Государственный быт евреев имел вполне теократический характер и одно это уже указывает на то, что еврейское законодательство, как опирающееся на авторитет божественный, было облечено строгостью и носило характер абсолютизма, исключающего не только произвол, но и всякую свободу в применении его. Это законы Иеговы, говорящего своему народу: "соблюдайте мои учреждения, мои законы, которыми человек, их исполняющий живет,- я Иегова". Моисей прямо признает данные им законы непреложными и не подлежащими никаким изменениям. Он велел убивать пророков, которые пытались бы совратить евреев к отступлению от писаных законов. Пророк такой должен быть убит даже в том случае, если бы основал свою проповедь на предсказанных и действительно прошедших знамениях, "ибо осуществлением предсказанных ложным пророком небесных знамений Бог искушает вас, чтобы знать, любите ли вы Господа Бога вашего от всего сердца вашего и от всей души вашей". Народ так глубоко верил в свое законодательство, что, наконец, не только посредством чудесных знамений он не считал возможным изменять свое законодательство, но пришел к убеждению, что и сам Иегова не может делать никаких изменений в раз данном им писаном законе. Свидетельством этого служит интересная легенда, рассказываемая в Талмуде. Некто Рабби Элиэзер давал объяснения о законах, вызывавшие сомнения у слушавших его товарищей. Тогда он сказал: "если мои объяснения верны, то пусть это дерево докажет это"! И дерево вырвалось со своего места, отделилось на четыре локтя, возвратилось и стало на свое прежнее место.

"Дерево не может служить доказательством", сказали Рабби Элиэзеру его товарищи.

"То пусть стены академии докажут", сказал он. И стены нагнулись.

"Пусть этот ручеек докажет, что я прав", опять сказал Рабби Элиэзер; и вода ручья потекла вверх к своему источнику.

Все это, возразили противники, ничего не доказывает, так как ничего общего не имеет с предметом нашего спора.

"Пусть в таком случае небо произнесет свое решение", сказал выведенный из терпения Рабби Элиэзер.

"Не противоречьте Рабби Элиэзеру, Закон на его стороне", раздался голос неба.

Тогда Рабби Иегомуа встал и закричал: "Тора (учение Моисея) не на небе, она уже давно нам дана на Синае Моисеем, сказавшим раз навсегда, что в сомнительных случаях следует руководствоваться мнением большинства".

После этого Рабби Элиэзер был отлучен от Синагоги за неповиновение писаным законам.

В основании всего строя жизни был избран закон, повиновение только ему одному признано обязательным всем, так как все равны пред законом.
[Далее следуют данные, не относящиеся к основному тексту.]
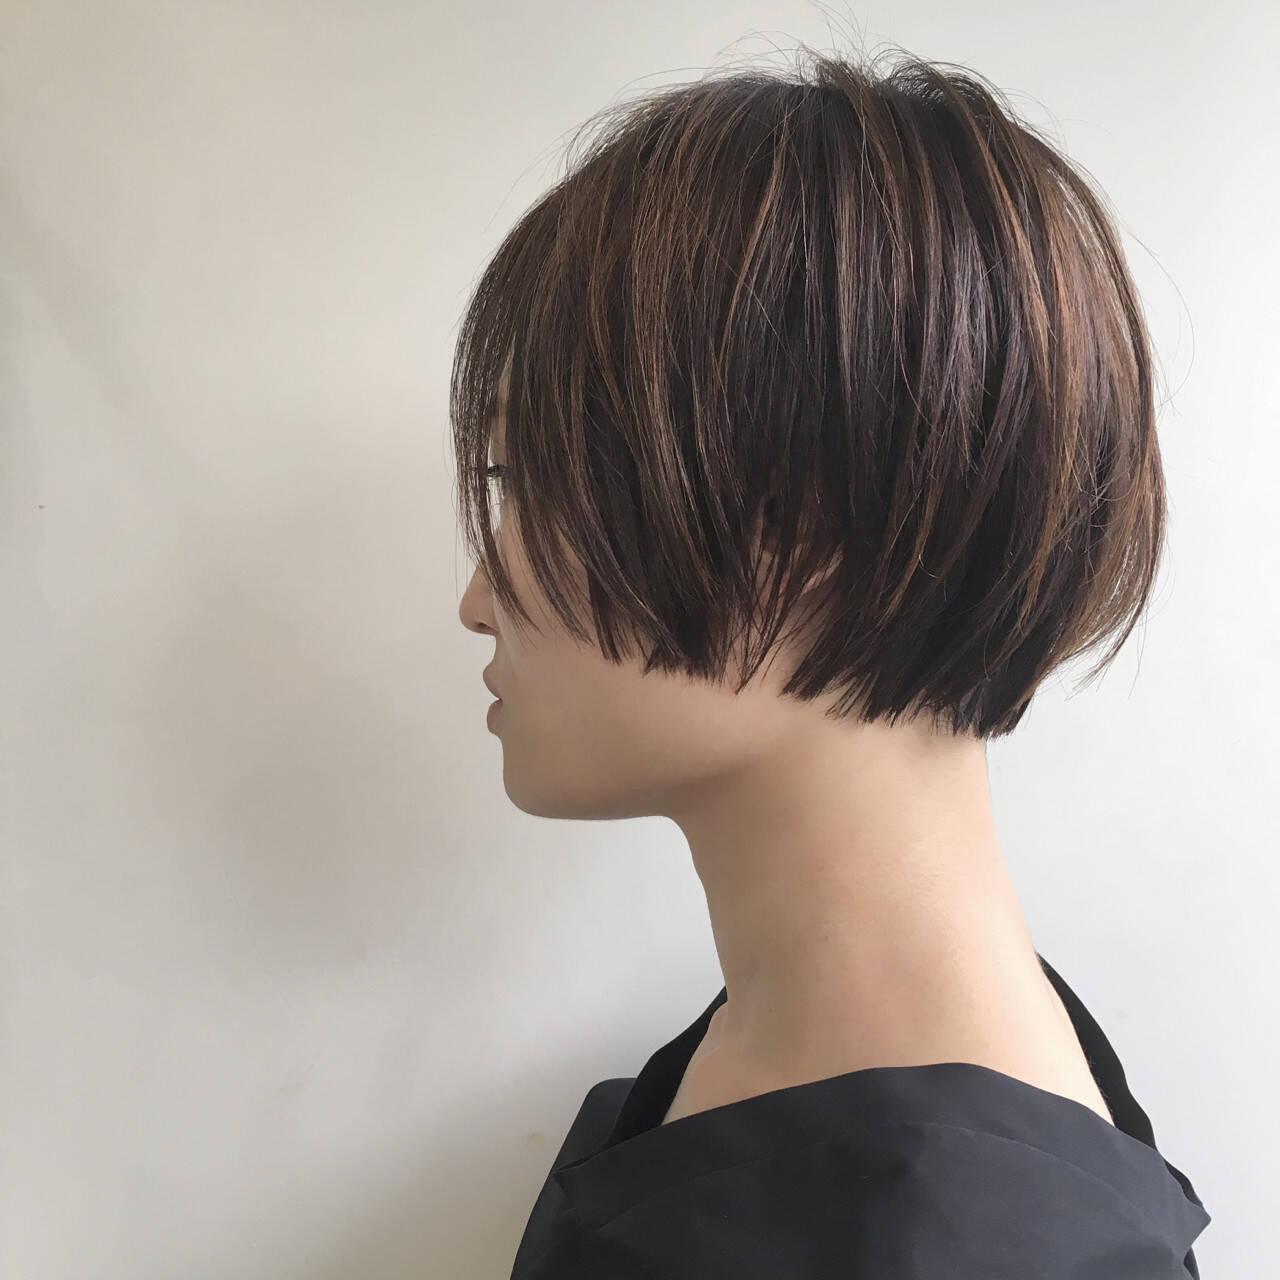 マッシュ リラックス グレージュ ナチュラルヘアスタイルや髪型の写真・画像

Закон поэтому не был скрываем, не был знаем только жрецами, но был отдан для всех, и все меры употреблялись к изучению его всеми. "Слово мое, говорит Иегова, не на небе, что бы можно было говорить: кто взошел бы для нас на небо и принес бы его нам. И не за морем оно, чтобы можно было говорить: кто сходил бы для нас за море и принес бы нам. Но весьма близко к тебе слово сие: оно в устах твоих и в сердце твоем, чтобы исполнять его". (Второзаконие, XXX, 11-14). Древнееврейские жрецы не были посредниками между народом и Иеговой, сам народ непосредственно слышал слово своего Бога. Но он должен был соблюдать дух, а не букву закона. Законодатель согласно с этим низвел до возможного минимума обрядность. Так Моисей многократно запрещает евреям иметь более одного храма. И в этом храме евреи должны были пребывать три раза в году во время национальных праздников. Для того чтобы жрецы вне храма не влияли на народ, поддерживая в нем суеверия и обрядность, законодатель запретил жрецам носить свои жреческие костюмы вне храмов. Они должны были хранить свои костюмы в храме и надевать их только во время богослужения. С той же целью сношения жрецов с гражданами были регламентированы таким образом, чтобы жрец не имел возможности воспользоваться некоторыми удобными моментами к вреду закона. Так наприм. еврейский жрец не имел права приближаться к умирающему, так как в то время человек склонен на всякие жертвы в пользу жреца и готов преувеличивать его значение в деле сношений с Богом. Простой жрец мог сноситься только с умирающим родственником, так как в этом случае умирающий принадлежал к тому же жреческому сословию. Для первосвященника не было и этого исключения: он ни в каком случае не имел права сноситься с умирающими.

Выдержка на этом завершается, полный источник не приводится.